## [DATA BLOCK]

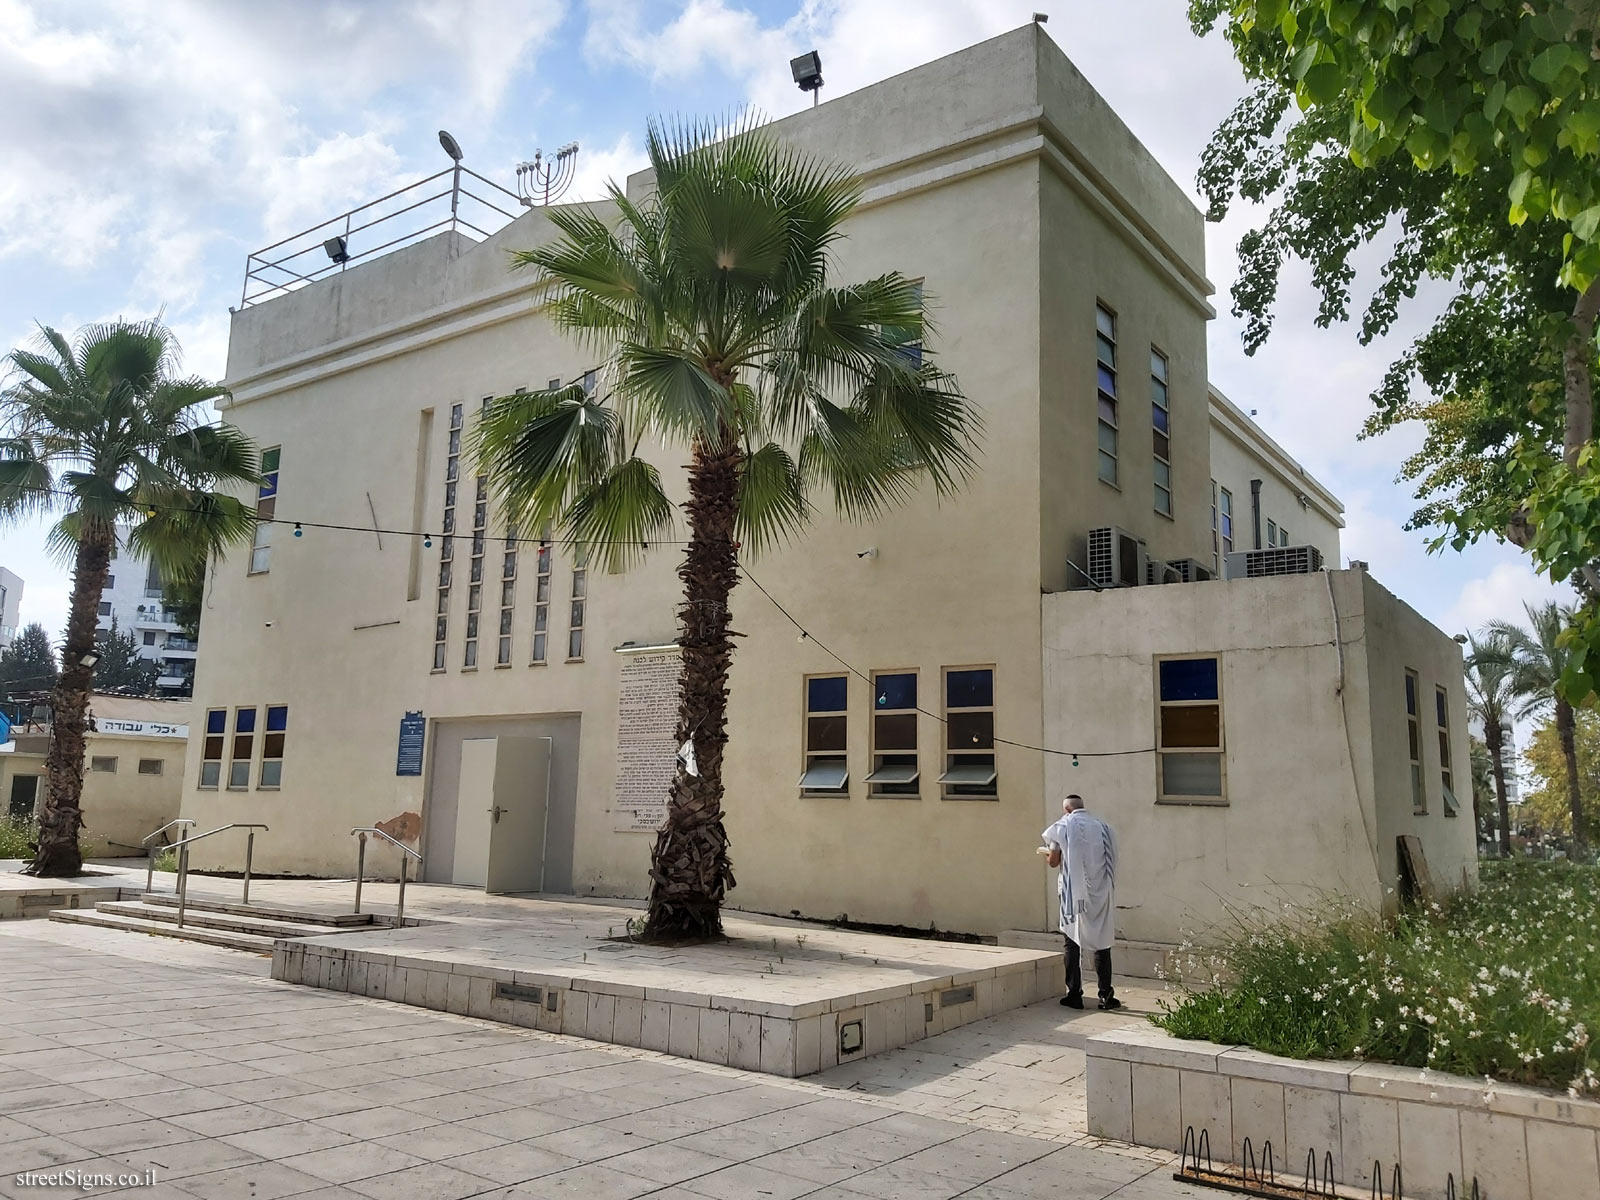 Heritage Sites in Israel - The Central Synagogue - Magdiel - Sokolov St 2, Hod Hasharon, Israel
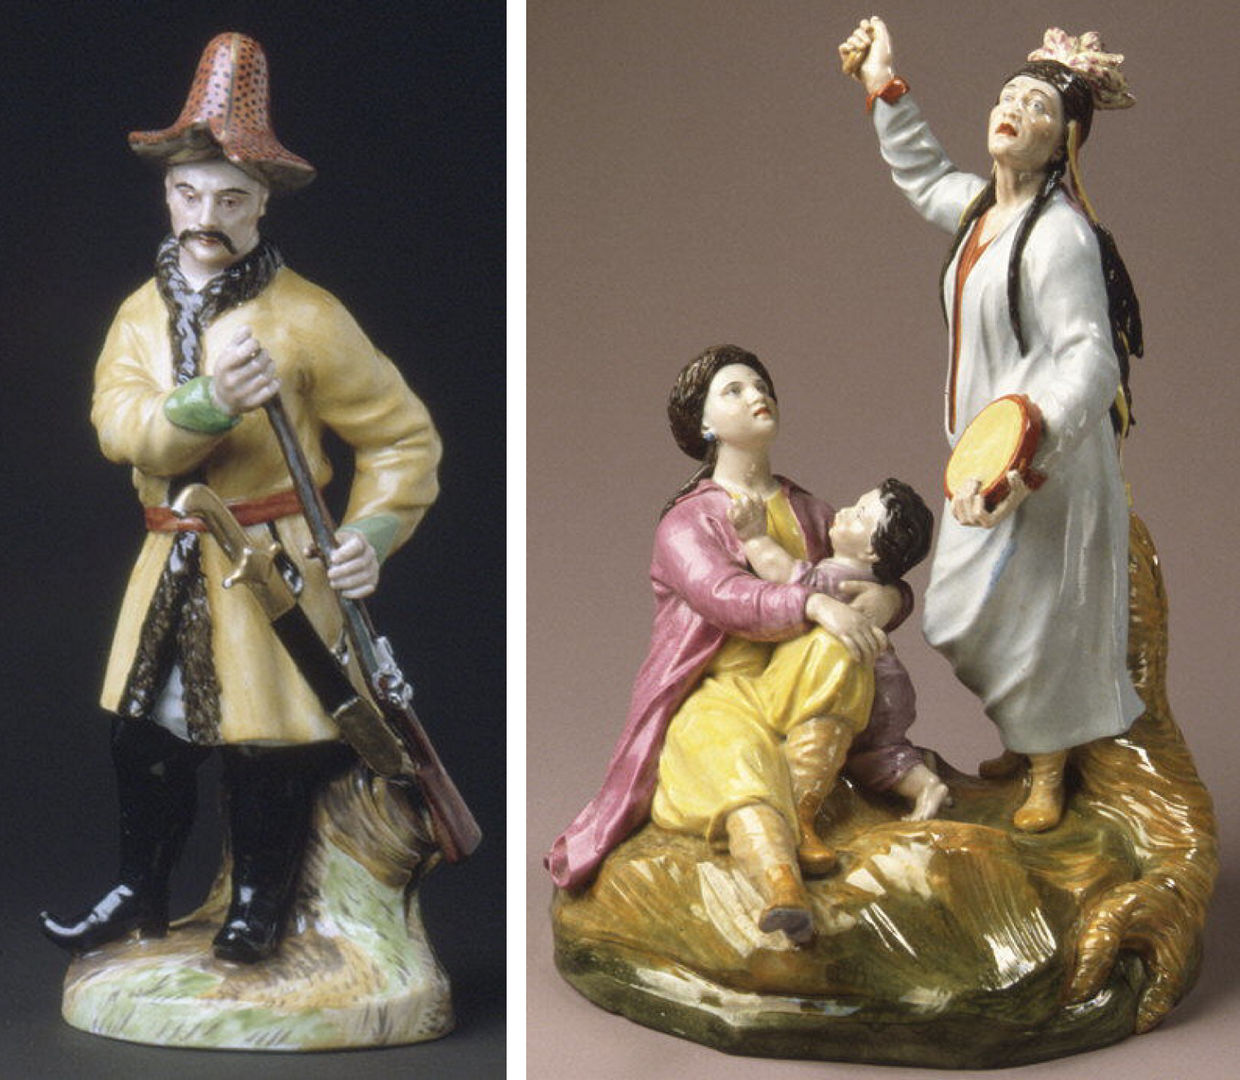 Diptych of two porcelain figures: one showing a man with a riffle and the other showing a mother, child and a female shaman
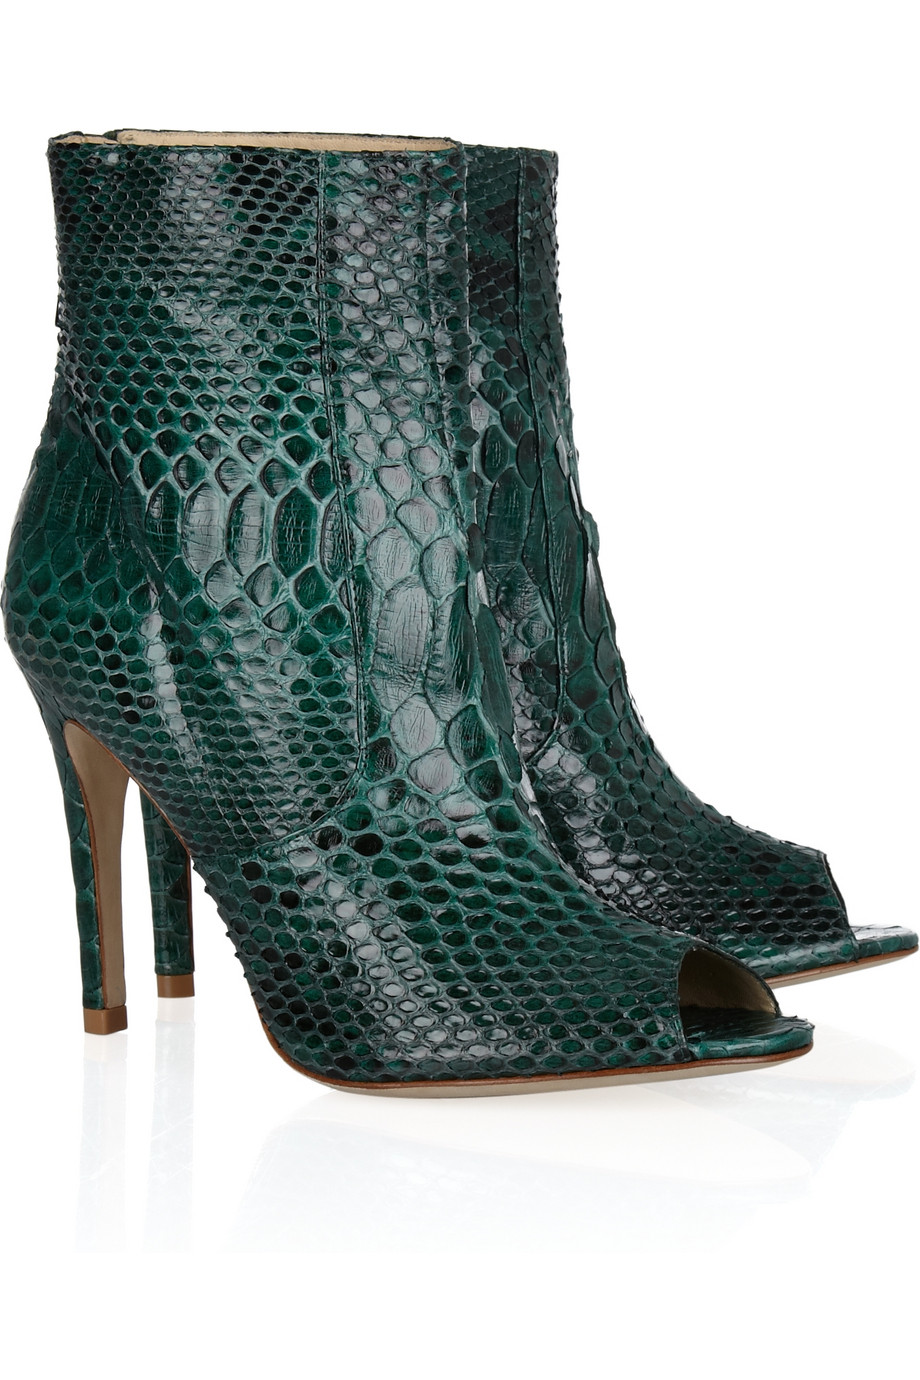 Lyst - Alexandre birman Python Ankle Boots in Green

## [WHAT IS REQUIRED]
Transcribe the material above word for word; images do not belong in the copy.

## [OUTPUT]
 Heritage Sites in Israel - The Central Synagogue - Magdiel - Sokolov St 2, Hod Hasharon, Israel
 Diptych of two porcelain figures: one showing a man with a riffle and the other showing a mother, child and a female shaman
 Lyst - Alexandre birman Python Ankle Boots in Green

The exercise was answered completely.